Finding the right app store keywords is the highest-leverage thing you can do for organic growth. You can have the best meditation app on the store, but if your metadata targets "meditation" (difficulty 85) instead of "breathing timer for sleep" (difficulty 14), nobody will ever see it.
This article walks through the exact process I use for ASO keyword research: brainstorm, expand with autocomplete, analyze the competition, and prioritize. We'll use a hypothetical meditation app called "StillMind" as a worked example so every step has a concrete output.
Step 1: Brainstorm Your Seed Keywords
Start with a raw list of terms a user might type when looking for an app like yours. Don't filter yet. The goal is quantity. Open a blank document and spend 15 minutes writing down every term you can think of.

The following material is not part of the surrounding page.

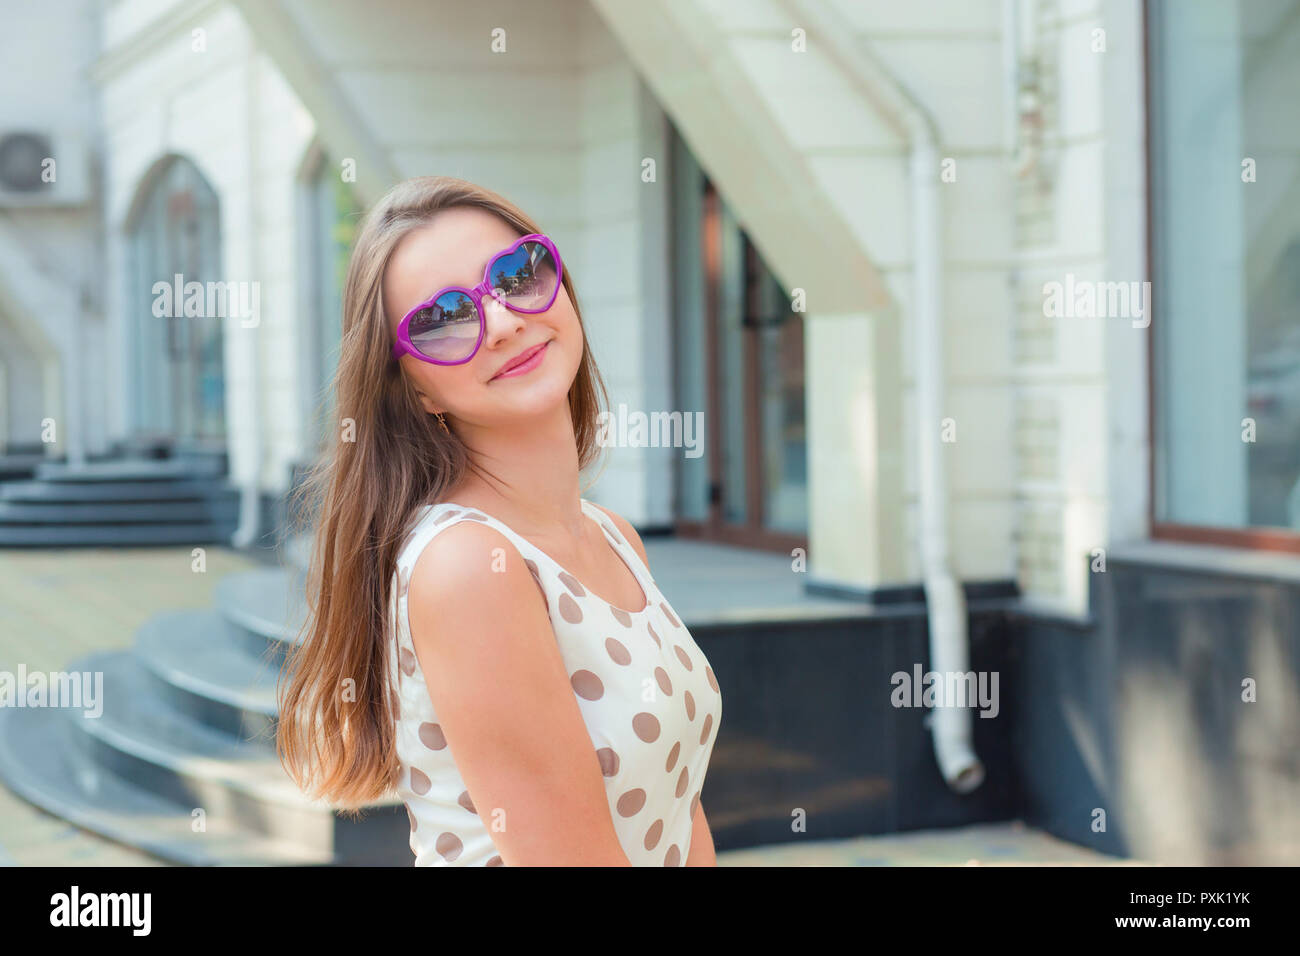 Teen girl with heart-shaped sunglasses smiling Stock Photo - Alamy

For StillMind, our seed list might look like this:
- meditation
- meditate
- mindfulness
- breathing exercises
- calm
- sleep sounds
- guided meditation
- stress relief
- anxiety relief
- focus timer
- relaxation
- sleep meditation
- breathing timer
- daily meditation
- meditation timer
That's 15 seeds. Most developers stop here and pick the five that feel right. That's a mistake — proper app keyword research starts with seeds, not ends with them. These are inputs to the process, not outputs.
Where to Pull Seeds From
Your own vocabulary is the obvious starting point, but it's limited by your own perspective. Expand it with these sources:
- App store categories and subcategories. Browse the Health & Fitness and Lifestyle categories. Read the titles and subtitles of the top 50 apps. You'll find phrases you hadn't considered.

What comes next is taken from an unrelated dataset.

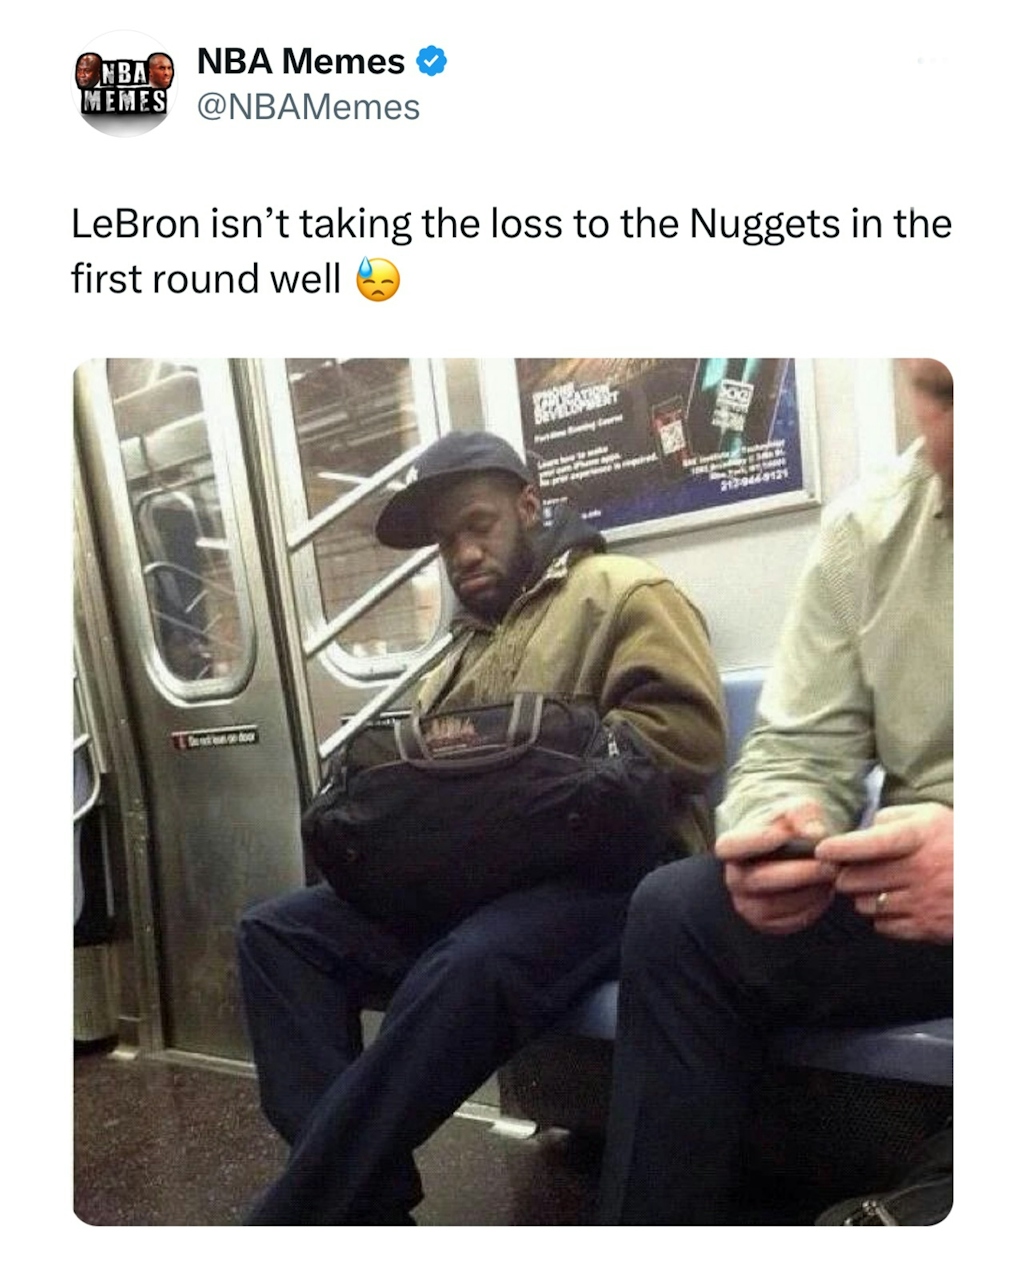 LeBron is going through it 💔

- Competitor app descriptions. Read the full descriptions of 5-10 competitors. Highlight every noun and verb phrase a user might search for.
- Reddit and forums. Search r/meditation, r/anxiety, and similar subreddits for how real people describe the problems your app solves. Users don't search for "cognitive behavioral therapy breathing exercise" — they search for "app to help me fall asleep."
- App reviews. Read 1-star and 5-star reviews of competing apps. Reviews contain exact user language: "I needed something for my panic attacks" translates to the seed keyword "panic attack app."
After this exercise, StillMind's seed list grows from 15 to 40+ terms. That's the volume you want before moving to step 2.
Step 2: Expand With Autocomplete
Autocomplete is the single most underrated source of app keyword research data. Both the App Store and Google Play suggest search completions based on real user queries. If a term shows up in autocomplete, people are searching for it.
The technique is systematic. Take each seed keyword and type it into the store's search bar, then append each letter of the alphabet:
- "meditation a" suggests: meditation app, meditation and sleep, meditation anxiety
- "meditation b" suggests: meditation breathing, meditation beginner, meditation bells
- "meditation s" suggests: meditation sleep, meditation sounds, meditation stress
Do this for your top 10-15 seeds. Yes, it's tedious. You'll generate 100-200 keyword candidates in about an hour. That hour will pay for itself many times over.
What to Look For
Pay attention to long-tail suggestions — phrases with three or more words. "Meditation" has a difficulty north of 80. "Meditation timer no music" might sit at 12. Long-tail keywords have less volume individually, but they convert better (the searcher knows exactly what they want) and they're far easier to rank for.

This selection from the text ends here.